Treatment That Breaks the Chain
When active TB does develop, modern treatment programs are highly effective at curing the disease and stopping transmission. The standard approach involves months of combination antibiotics, often administered under direct observation to ensure patients complete the full course. Programs using this model have achieved treatment success rates of about 82%, compared to roughly 72% without structured support. Each person successfully treated is one fewer source of ongoing transmission, which compounds over time to reduce the number of new infections in a community.

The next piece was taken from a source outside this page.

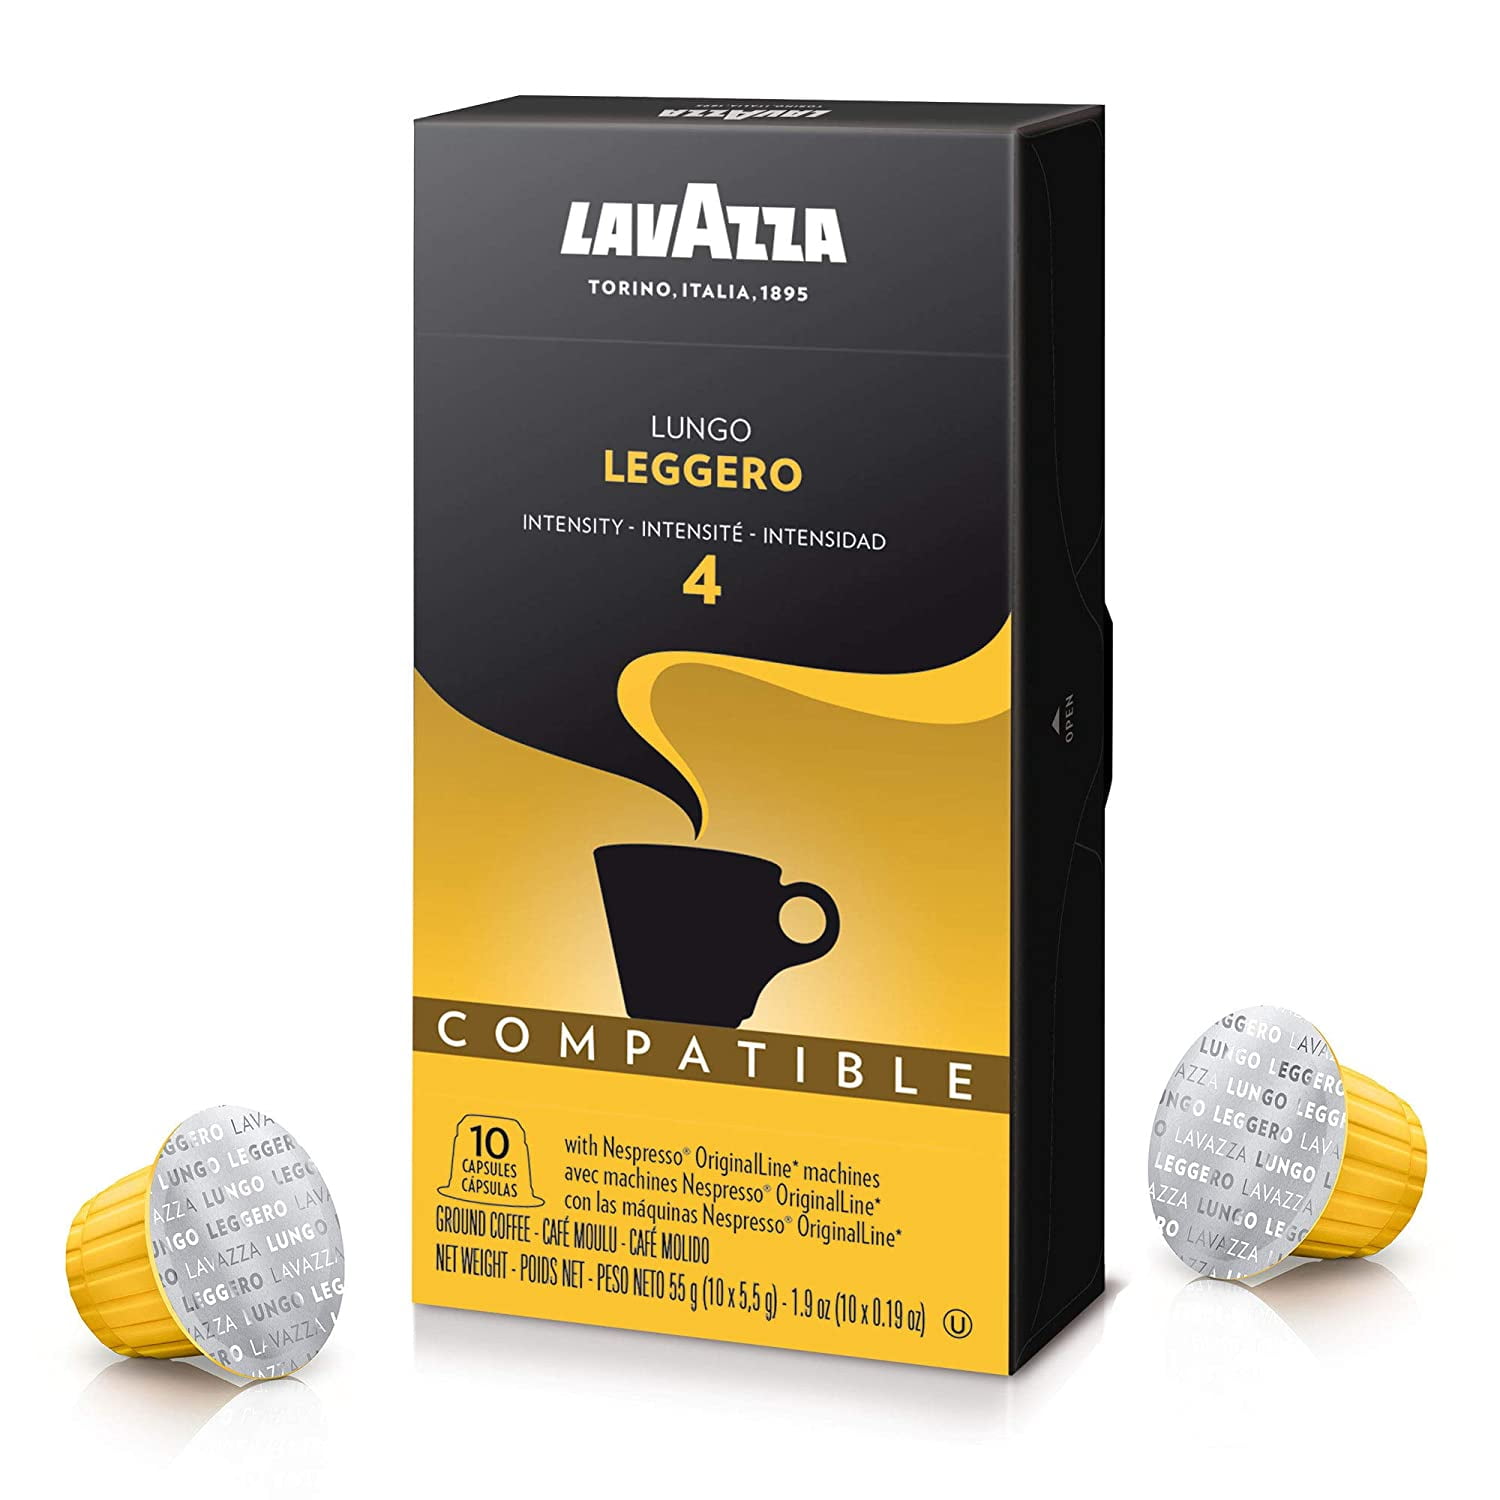 Espresso Leggero, Coffee Pods

Treatment of latent infection adds another layer. People identified as carrying dormant TB bacteria can take preventive medication that dramatically lowers their chance of ever developing active disease. This is especially important for people at higher risk of progression, such as those with weakened immune systems. In a person with a healthy immune system, the lifetime risk of progressing from latent infection to active disease is about 10%. Conditions that suppress immune function, like HIV, raise that risk substantially, which is why targeted screening and preventive treatment in high-risk groups remains a cornerstone of TB control.
Why It All Adds Up
No single factor explains why TB isn’t more common. Instead, it’s the cumulative effect of multiple barriers stacking on top of each other. Transmission requires prolonged close contact, so most exposures don’t lead to infection. The immune system contains the bacteria in 9 out of 10 infected people, so most infections don’t lead to disease. The bacterium replicates slowly, giving the body time to respond and limiting how quickly sick individuals become contagious. Sunlight and ventilation reduce environmental persistence. Vaccination blunts the worst outcomes in children. And treatment programs cure most active cases before they can spark long chains of transmission.
Each of these filters removes a large fraction of potential cases. Multiply them together and you get the reality we see today: a pathogen that has infected billions of people over human history but produces active disease in a relatively small fraction of them in any given year. TB is common by any reasonable standard, with nearly 11 million new cases and 1.25 million deaths annually. But given how many people carry the bacterium, the question of why it isn’t even more common has a clear answer: biology, immunity, and public health each take a massive bite out of its potential.